Of course, for my friend who had cancer and lupus...she is practically uninsurable unless she works for an employer who offers a HMO, or for another 8 years or so (when insurance basically stop considering her cancer as a liability to them). People argue about NHS...I'm all for it because people like my friend live in limbo if they cannot get insurance.
 
perry said:
DivaDiamond007 said:
Here is what's wrong: insurance companies and big pharma are in BUSINESS to make a PROFIT. There is no incentive for them to lower costs for the consumer when it means their bottom line is smaller.

Some people think that access to basic healthcare is a PRIVILEGE and not a RIGHT.

Actually, it is not the insurance companies - they work very hard to pay as little as possible for medicines - which is why they usually insist on generics when available.

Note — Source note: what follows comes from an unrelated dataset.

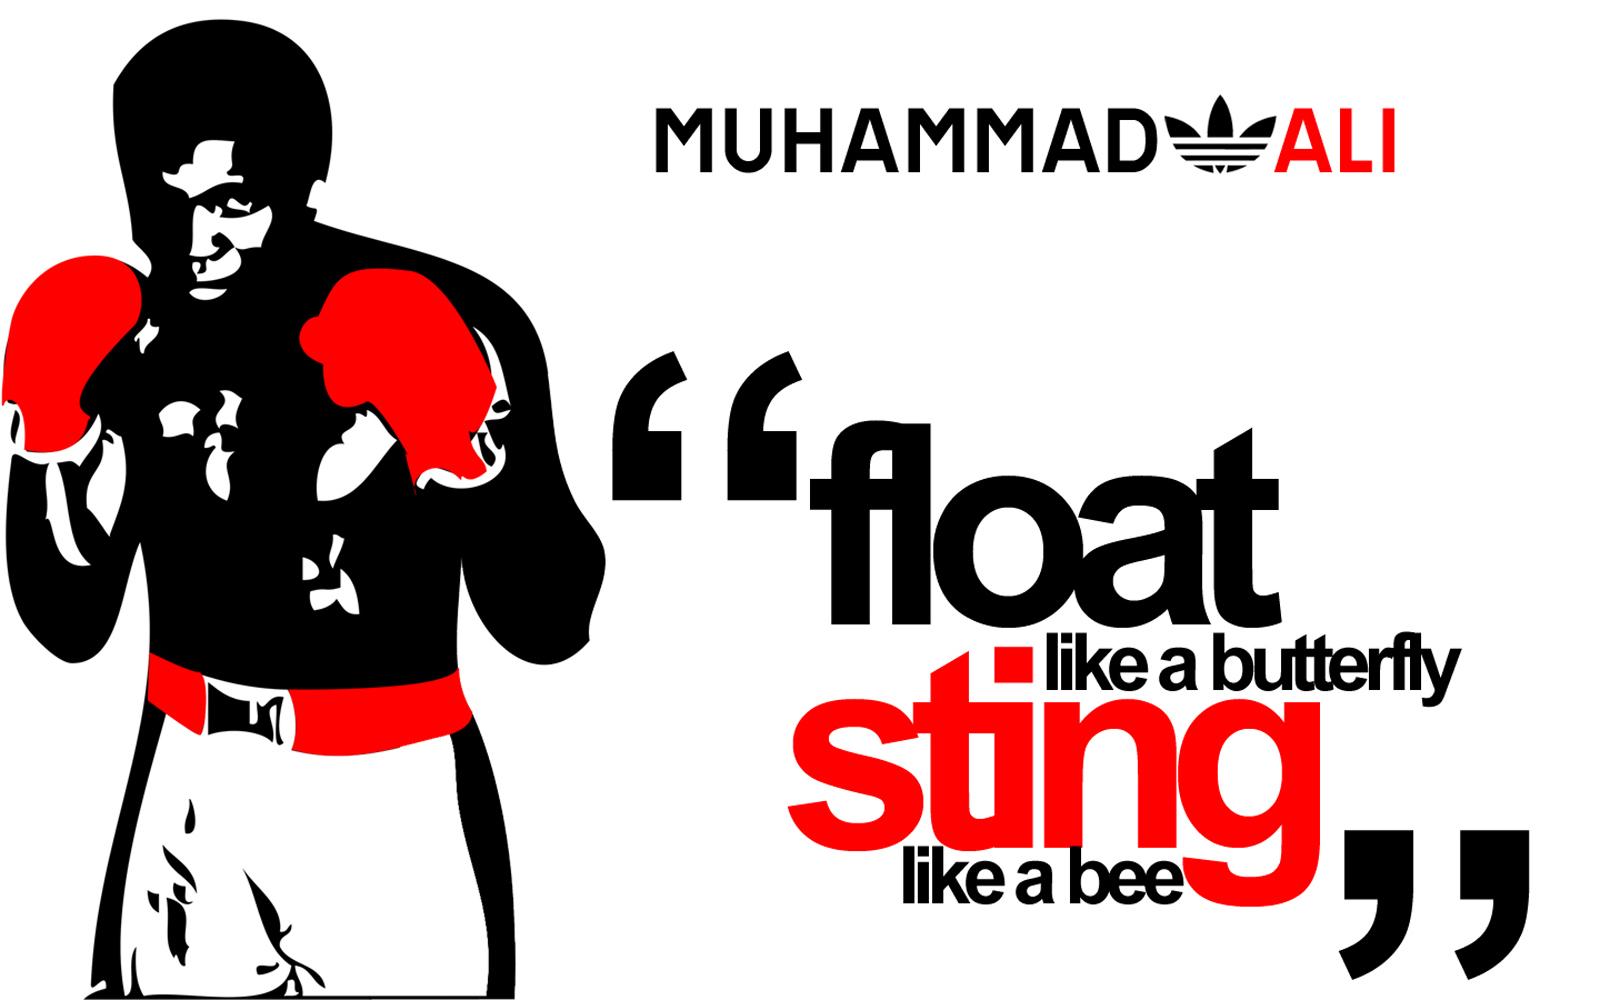 Muhammad Ali Quote Wallpaper Desktop Wallpaper with 1600x1000 1600x1000
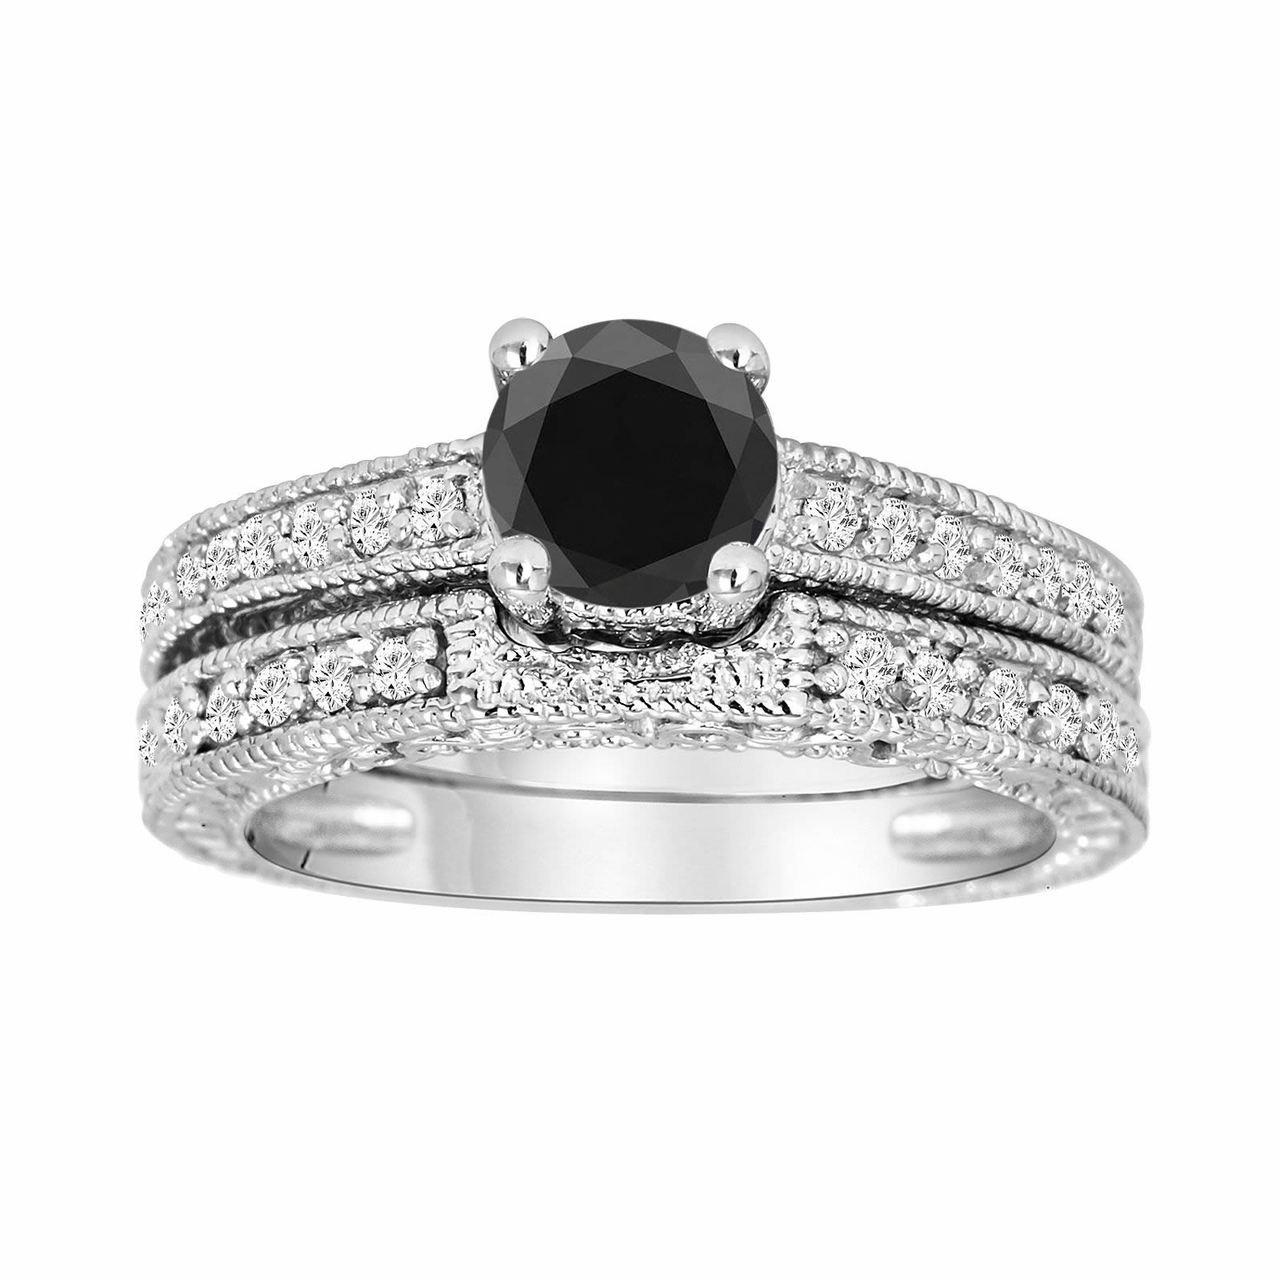 AAA Natural   Black Diamond Wedding Band Ring 14k White Gold-Specail

The cost of drugs in the US is influenced by two major factors beyond ordinary profit: The very high cost of the R&D cost necessary to gain approval for a new drug, and the fact that the drug companies are subject to unlimited liability if there are problems with the drug later on.

The same drugs from the same companies cost a lot less in other countries (such as Canada) due to a limitation on liability.

Drugs "developed" in many other countries do not need to have all the R&D and approvals that the US FDA requires - so they are cheaper; however, there are a lot more (and worse) problems discovered later on.

Perry

Thank you for pointing this out Perry.

There needs to be a balance between regulations to prevent problems and keeping the process lower cost so there are more options (and less expensive all around) available to people.

Simply putting everyone on a government health plan won't fix the problem. There needs to be competition between insurance companies (across state lines), lower costs for R&D, and limitations on law suits.
Without actual changes in the system, all we will do is shift the cost from individuals to the government (who shift back to individuals) and have, at best, a short term solution.
 
First - sorry about my english...

Second - I have to get this out of my system :angryfire:

So, In Croatia you have free health insurance for everybody. Free my ASS!

Average salary in my hometown is around $1200. Last month doctors suspected I have some heart problems, so I had to do heart ultrasound and wear holter monitor. Ok, no problem. So, if I wanted to do heart ultrasound free of charge I had to wait for it 6 months... holter as well...
I said I'll do it privately and paid for it - I spent around $220. Plus $10 for heart RTG.

Now, my gyn wants me to do some blood check-ups, of course I have to do it privately again, free health insurance won't pay for it..., thats $150. Plus $120 for ovary ultrasound (privately of course, again, no need for ultrasound if you look healthy).

And of course almost every prescription you have to pay extra,,, sometimes is just few dollars, and sometimes its $30-40.

God bless free health insurance :rolleyes: .

Ok, I feel slightly better now.
 
I recently took care of a lady who had to get her leg amputated because she couldn't afford Plavix for her Peripheral vascular disease. It's a terrible shame that people are losing body parts (and their lives) because their script is unaffordable!!! It makes me so angry, just thinking about it... I don't know what the solution is, or even who's at fault, but it *is* ridiculous, and very, very sad.

I work for a hospital, and have pretty decent insurance. But it blows my mind when I get my $20 copay bill for an ultrasound that took 10 MINUTES and insurance covered the other $2500. Incredible.

Oh, and I have to get my scripts filled at my hospital, or pay crazy copays. DH quit smoking last year, and used Chantix. The copay at the local pharmacy was $125... at my hospital, it was $5. Just doesn't make sense to me!! It seems everything's just all about business and $$$.